Real estate investment is one of the most solid and secure investments you can make. Indeed, aside from investing in gold there perhaps isn’t a more stable choice for starting or expanding your investment portfolio.
Whatever route you choose to take, you can make a steady passive income and see your home increase in equity as the years pass. Very rarely will real estate lose value over time and even if it does, the losses will pale in comparison to some of the losses you might see with less stable and more unpredictable investments.
But if you’re new to the world of real estate investment, what tips should you be following to ensure you are making the most of the opportunity? Allow us to help you with a few top tips and explain how getting started in real estate investment is easier than you might think.
Decide early on whether you’re planning on renting out the property or flipping it as this will have a direct impact on the kind of property you invest in. If you want to make quick money then flipping is the logical option but you will likely need to invest a great deal into renovating and repairing the home to increase its value before selling it on. This could take months and there’s no way of knowing exactly how the real estate market could look by then, particularly in these unstable times.

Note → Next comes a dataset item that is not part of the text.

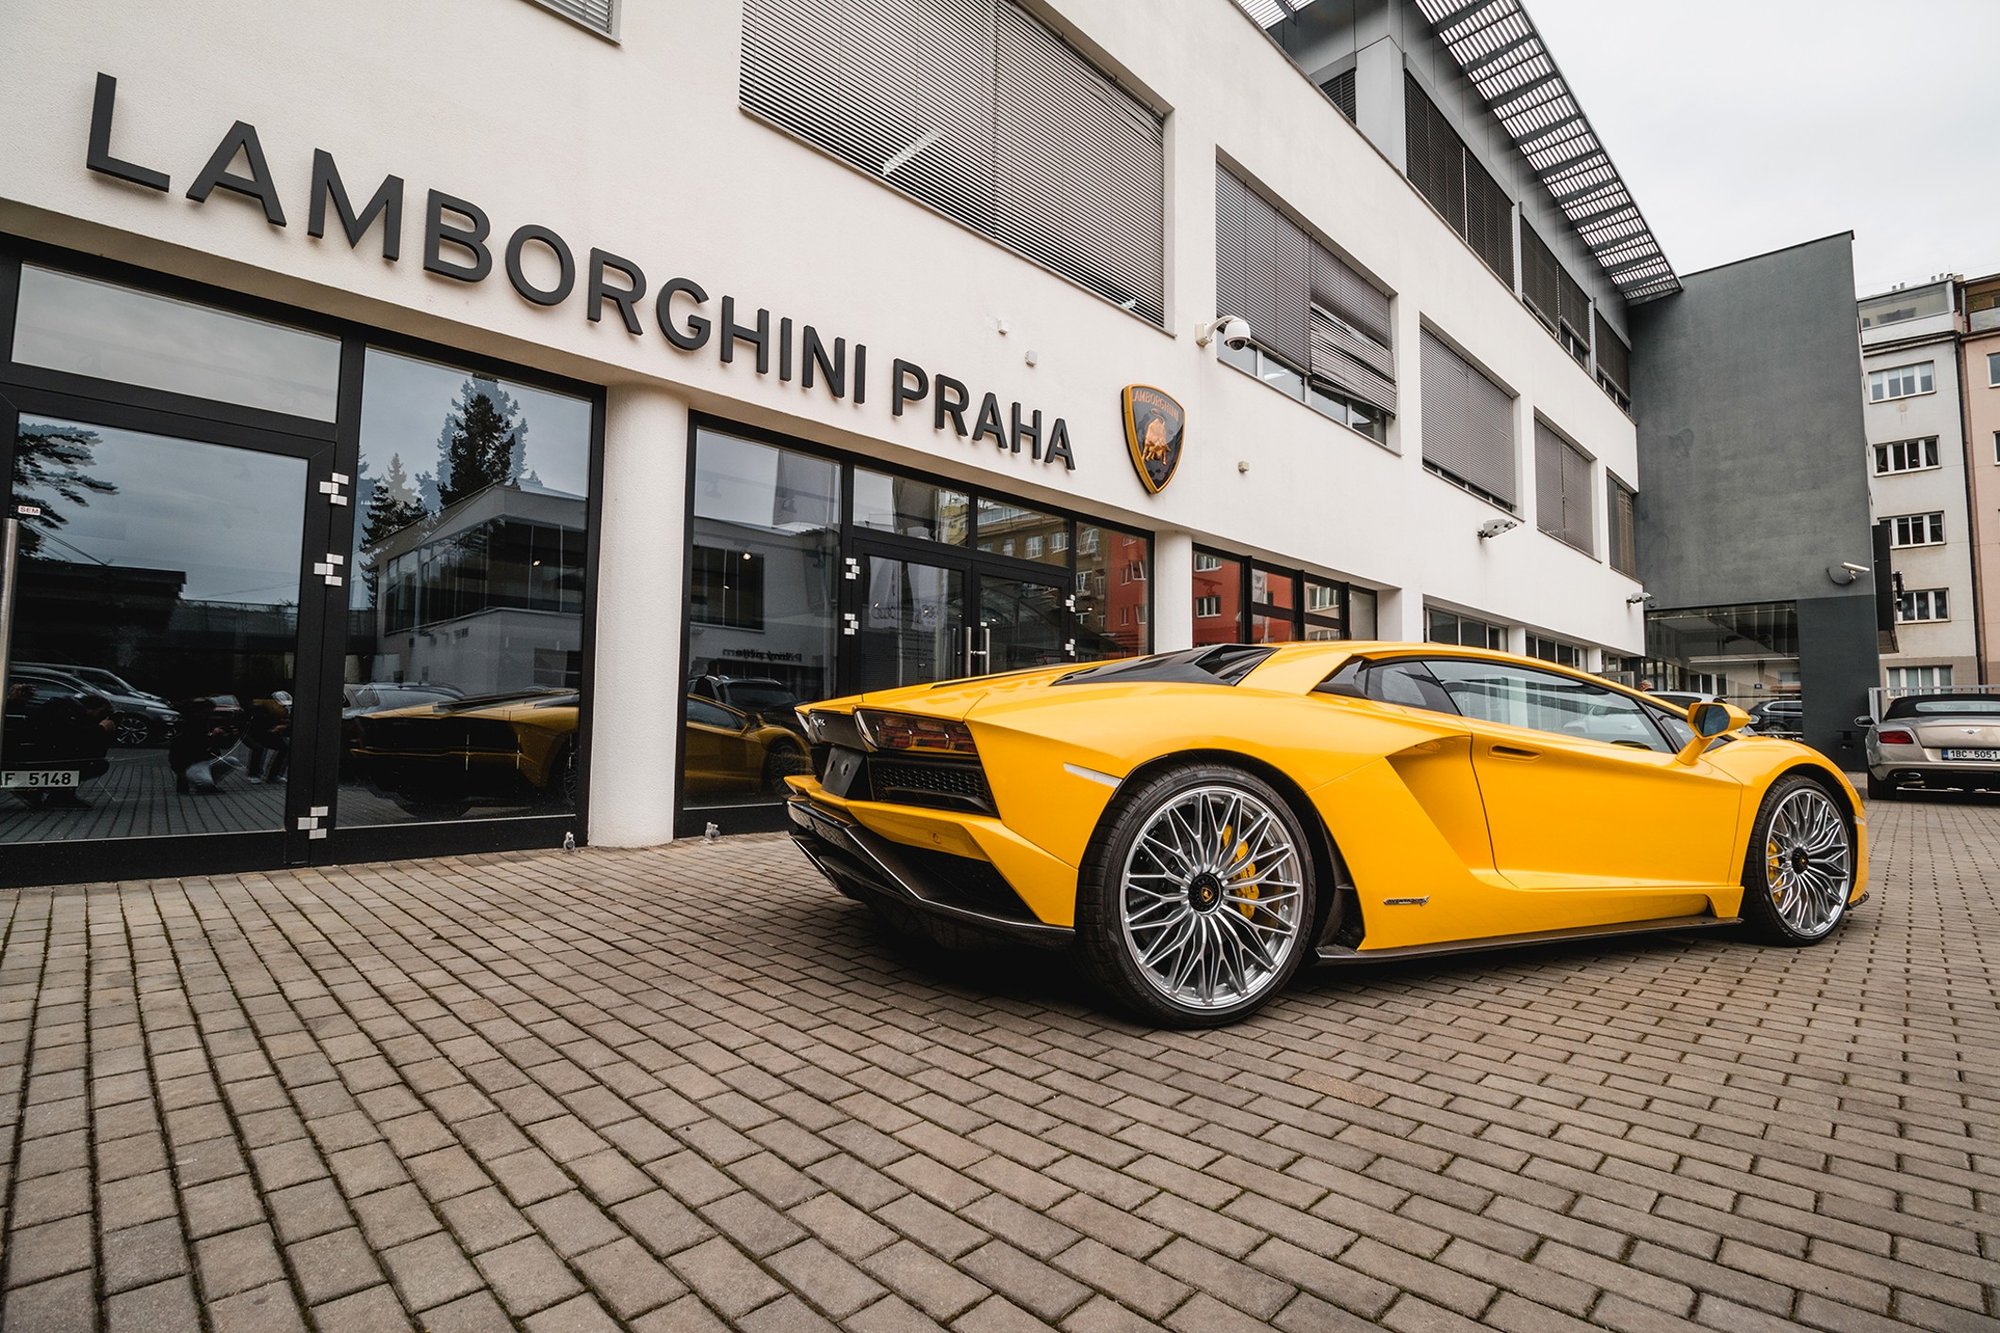 Lamborghini Aventador S má dvanáctiválec s výkonem 740 koní a točivým momentem 690 Nm, maximální rychlost je 350 km/h a cena představuje 7,6 milionu Kč bez daně
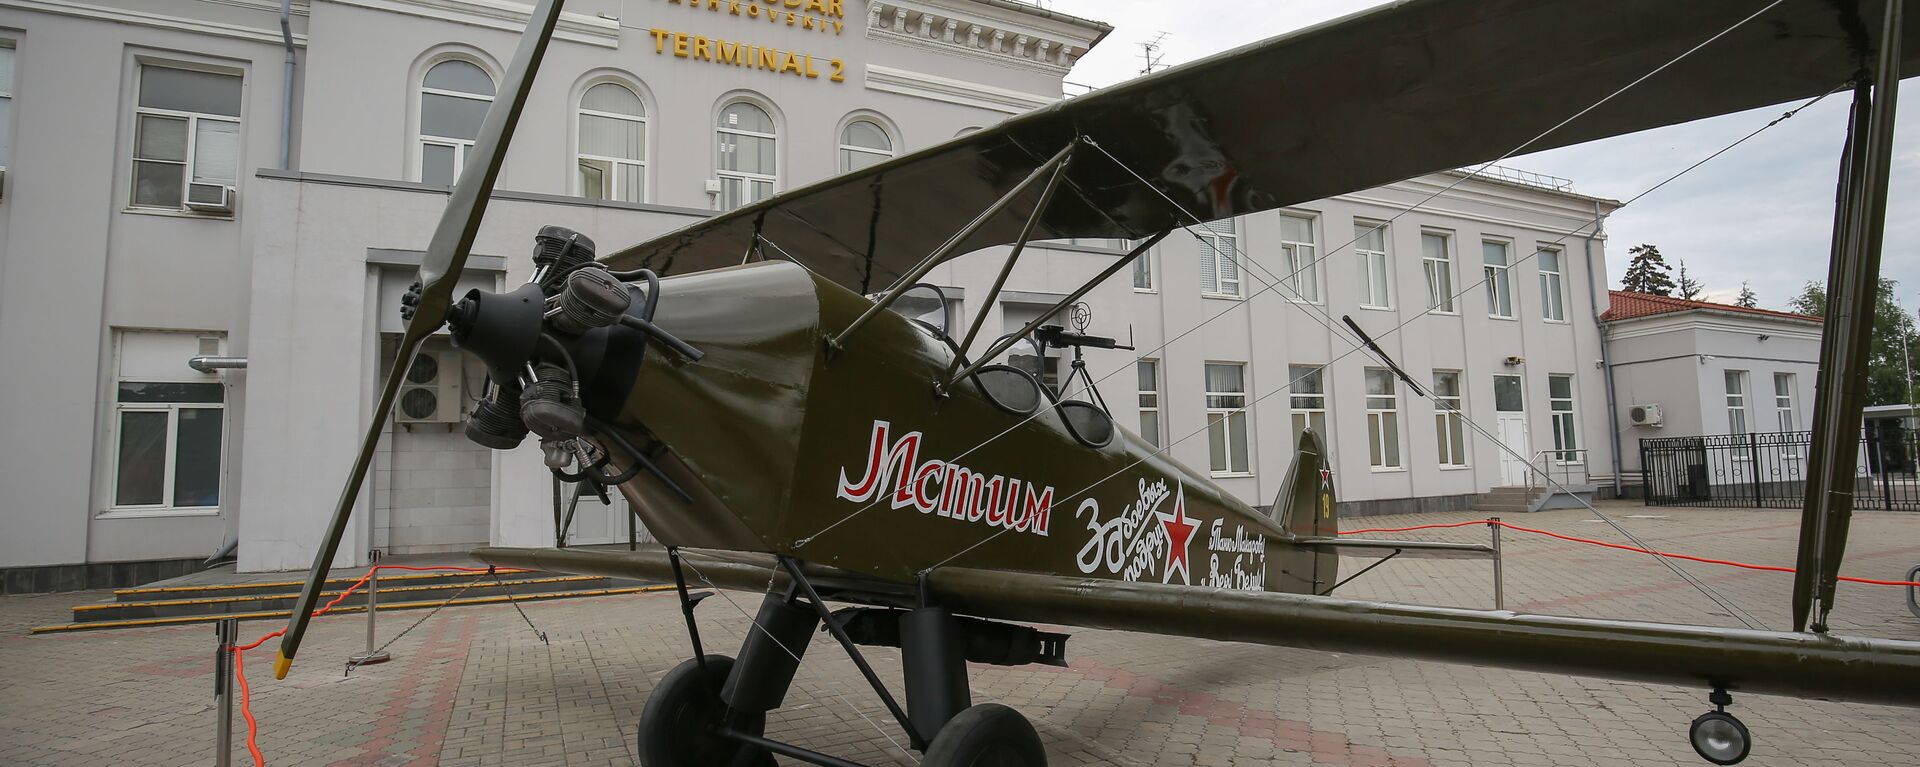 Макет самолета У-2 (По-2нлб) у здания аэропорта Пашковский в Краснодаре - Sputnik Казахстан, 1920, 04.05.2020

Renting the property, either yourself or through a letting agency, is a more long-term plan that could be a great option if you’re looking for a retirement fund and passive income that could last potentially for the rest of your life. If you’re renting, you might have to spend less on renovation but you’ll still need to make the property habitable.
Making it Sustainable
Sustainability is a major buzzword right now but it’s so much more than just an empty phrase. A home that is more sustainable is not only worth more but will be seen as more desirable when it comes to resale. So, if you’re buying an older property, one of the first places you should be looking is the sustainability and energy efficiency of the home. Consider solar panel installation for better energy efficiency, cavity wall installation and having a smart meter set up as a bare minimum.
If you prefer to be more hands-off with your investments, then an REIT might be a safer bet. Real estate investment trusts are a way of investing in real estate without physically buying property. It’s an investment in the more traditional sense and they can pay high dividends, which makes them very popular among retired individuals. But they can also be complicated and are not easy to sell or value as you only own a fraction of a property.